_Work instructions_:
In the listing that follows, find the line with "カッター&バック CUTTER&BUCK ストレッチ長袖Tシャツ LL レッド RD00", then copy exactly from it through the line with "Εγκαινιάστηκε από τον", leaving out every picture.
Segment Start: Material shown
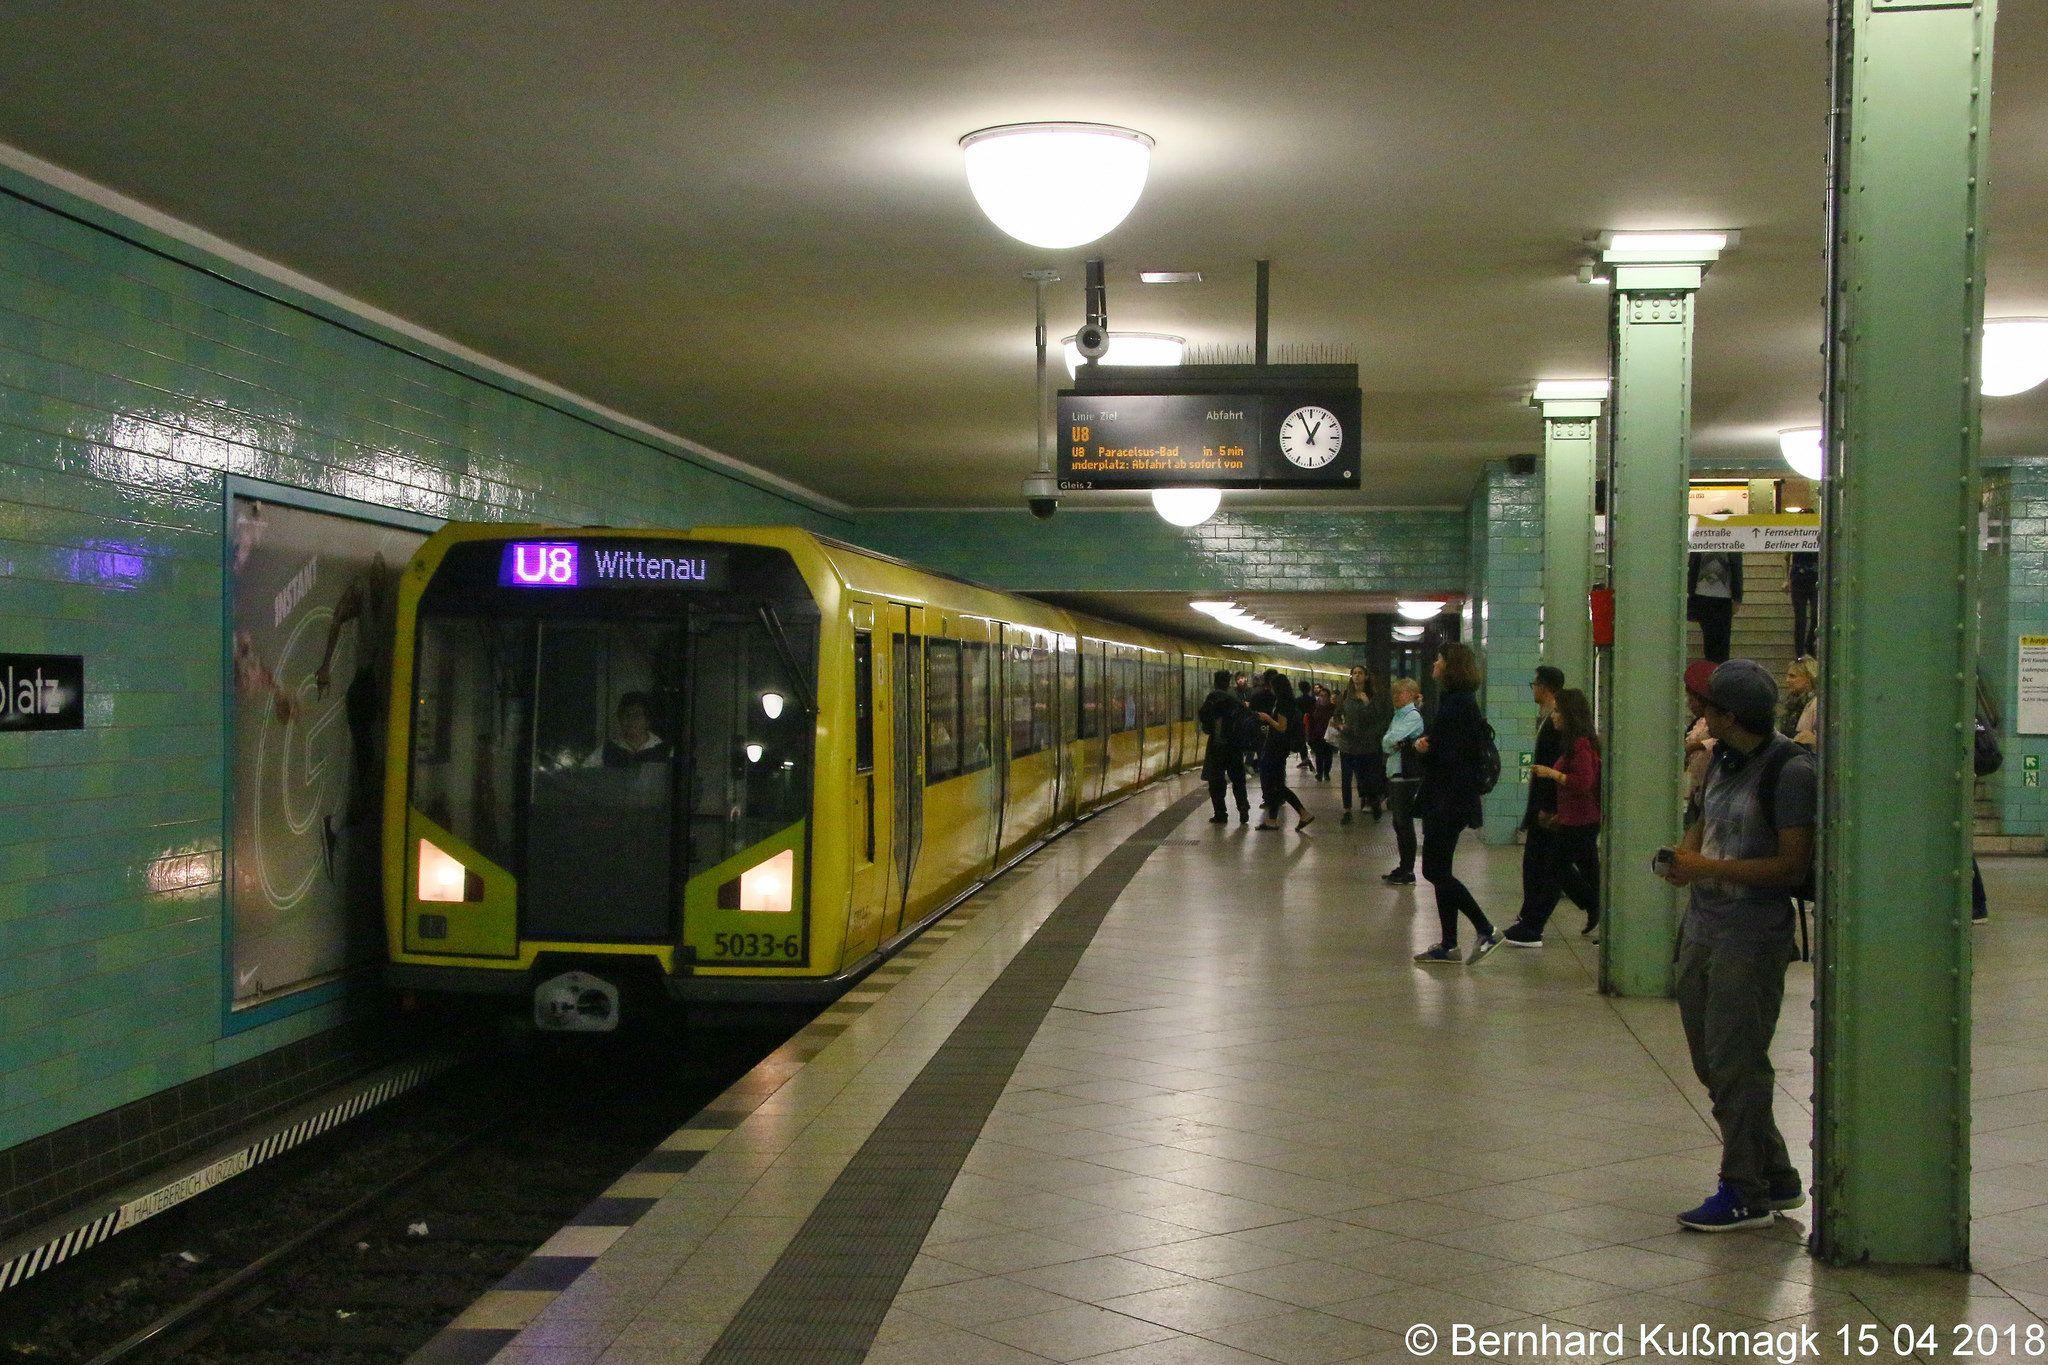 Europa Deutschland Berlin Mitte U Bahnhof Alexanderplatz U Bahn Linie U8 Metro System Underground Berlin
Segment End: Material shown
Segment Start: Material shown
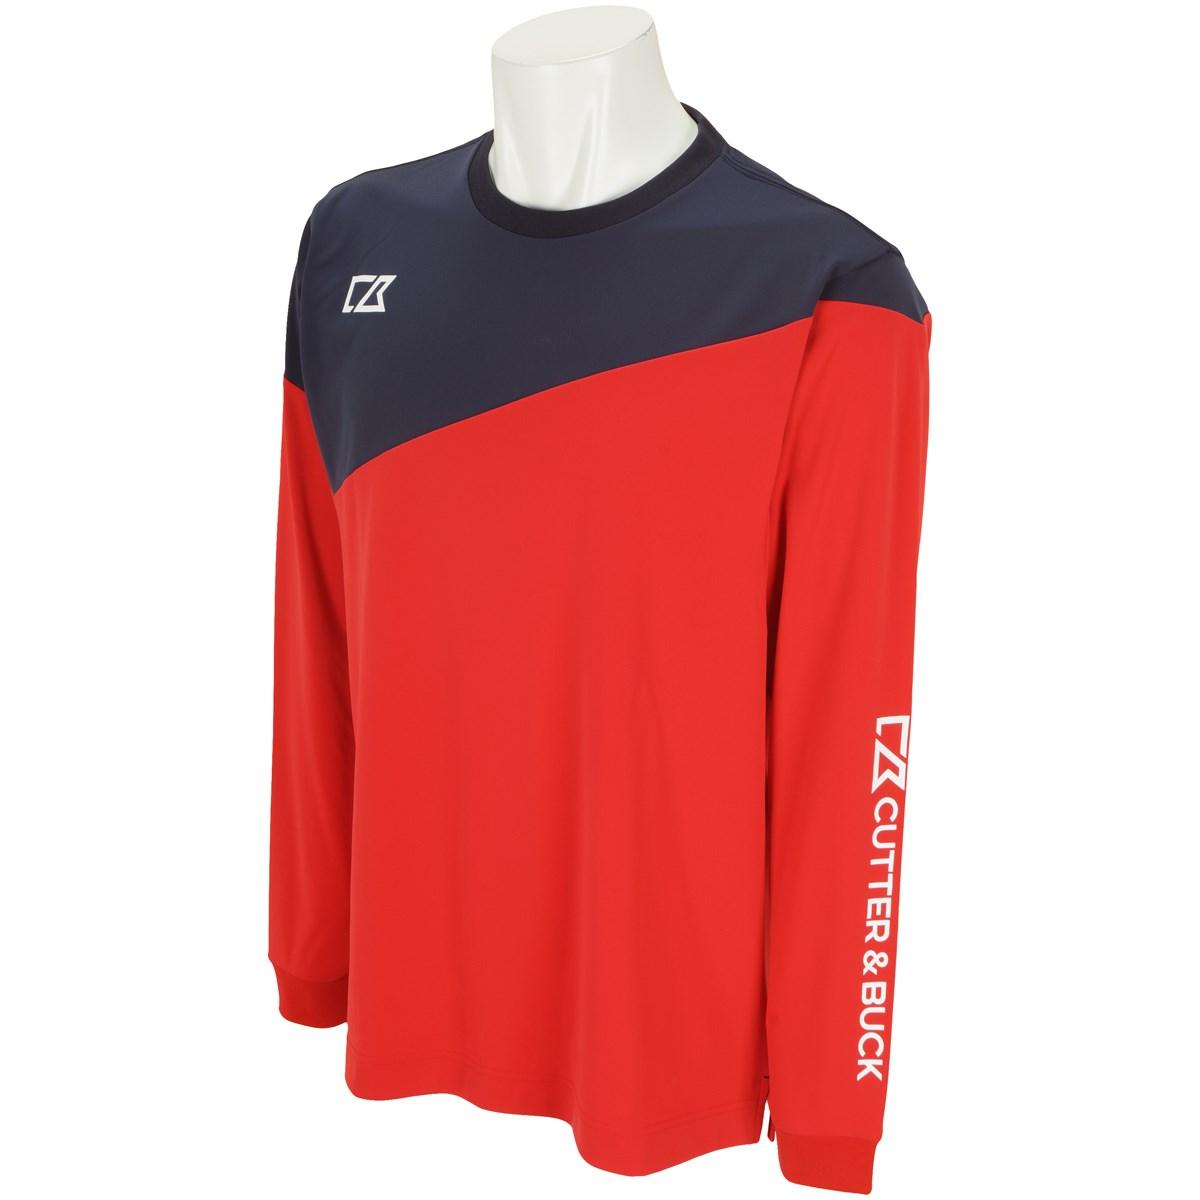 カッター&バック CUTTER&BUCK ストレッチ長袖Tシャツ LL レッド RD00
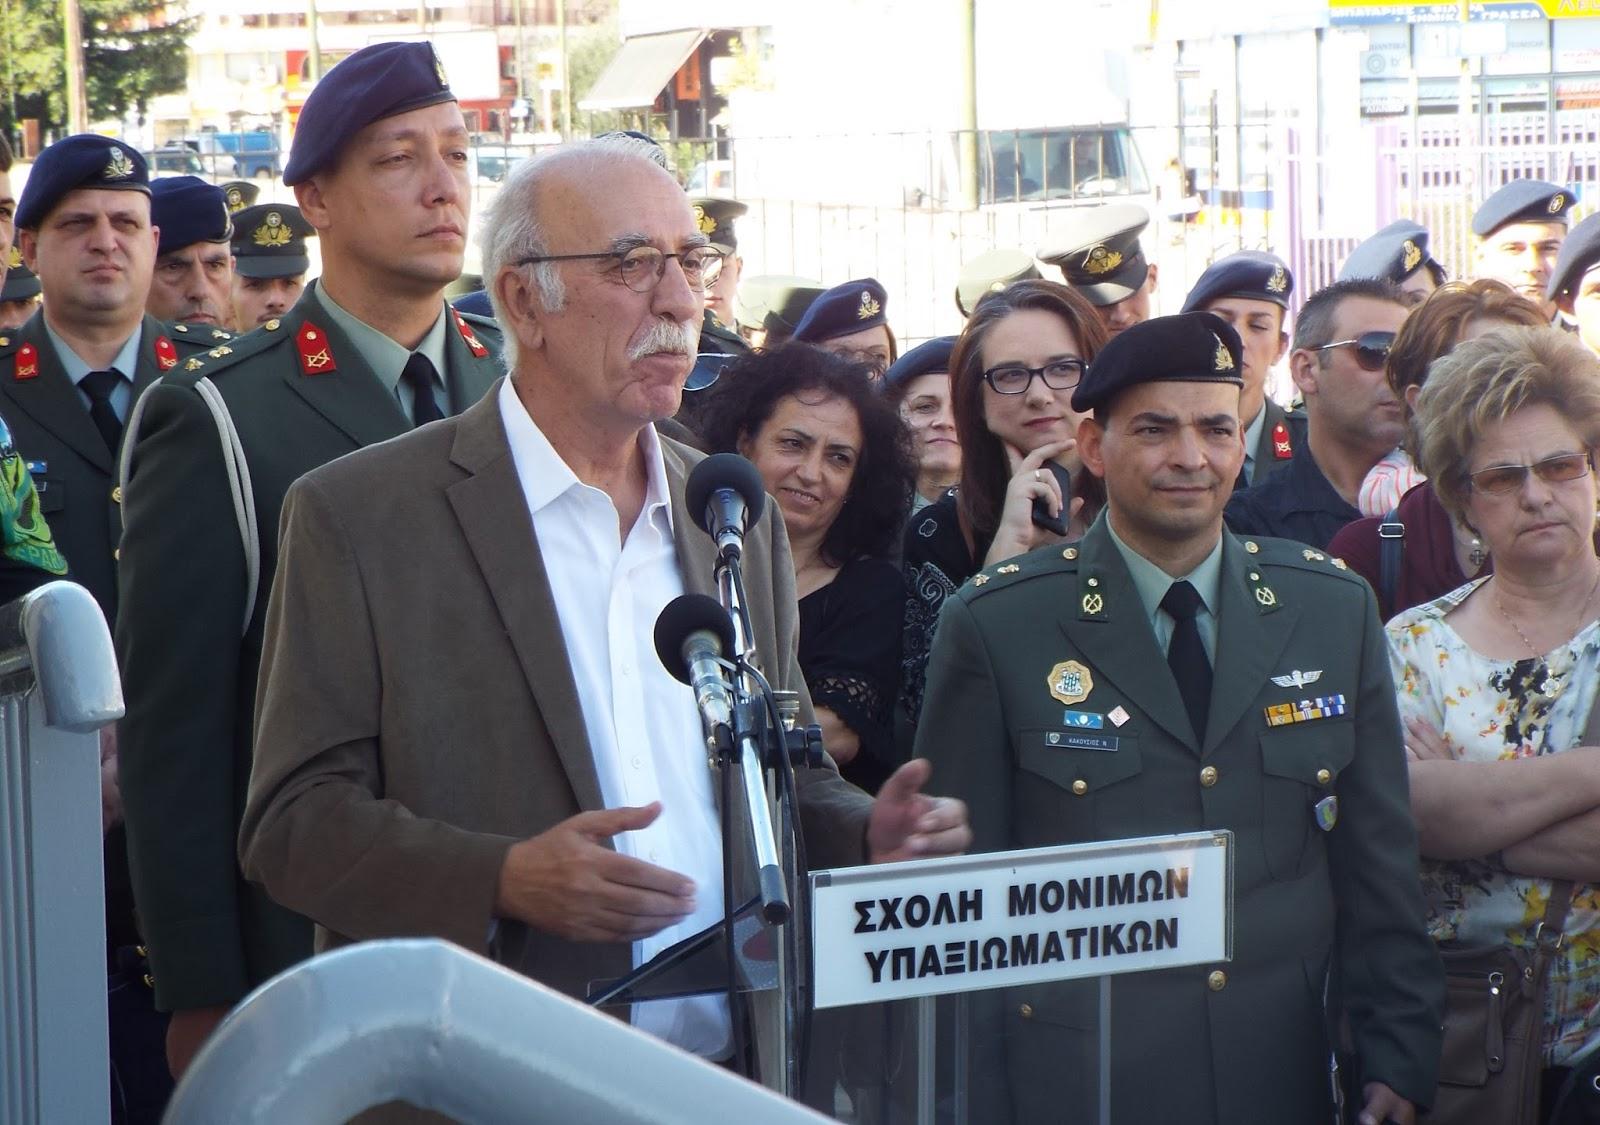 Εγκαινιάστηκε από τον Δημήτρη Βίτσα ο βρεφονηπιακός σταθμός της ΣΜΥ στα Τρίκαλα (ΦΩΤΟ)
Segment End: Material shown
_Exercise result_:
 カッター&バック CUTTER&BUCK ストレッチ長袖Tシャツ LL レッド RD00
 Εγκαινιάστηκε από τον Δημήτρη Βίτσα ο βρεφονηπιακός σταθμός της ΣΜΥ στα Τρίκαλα (ΦΩΤΟ)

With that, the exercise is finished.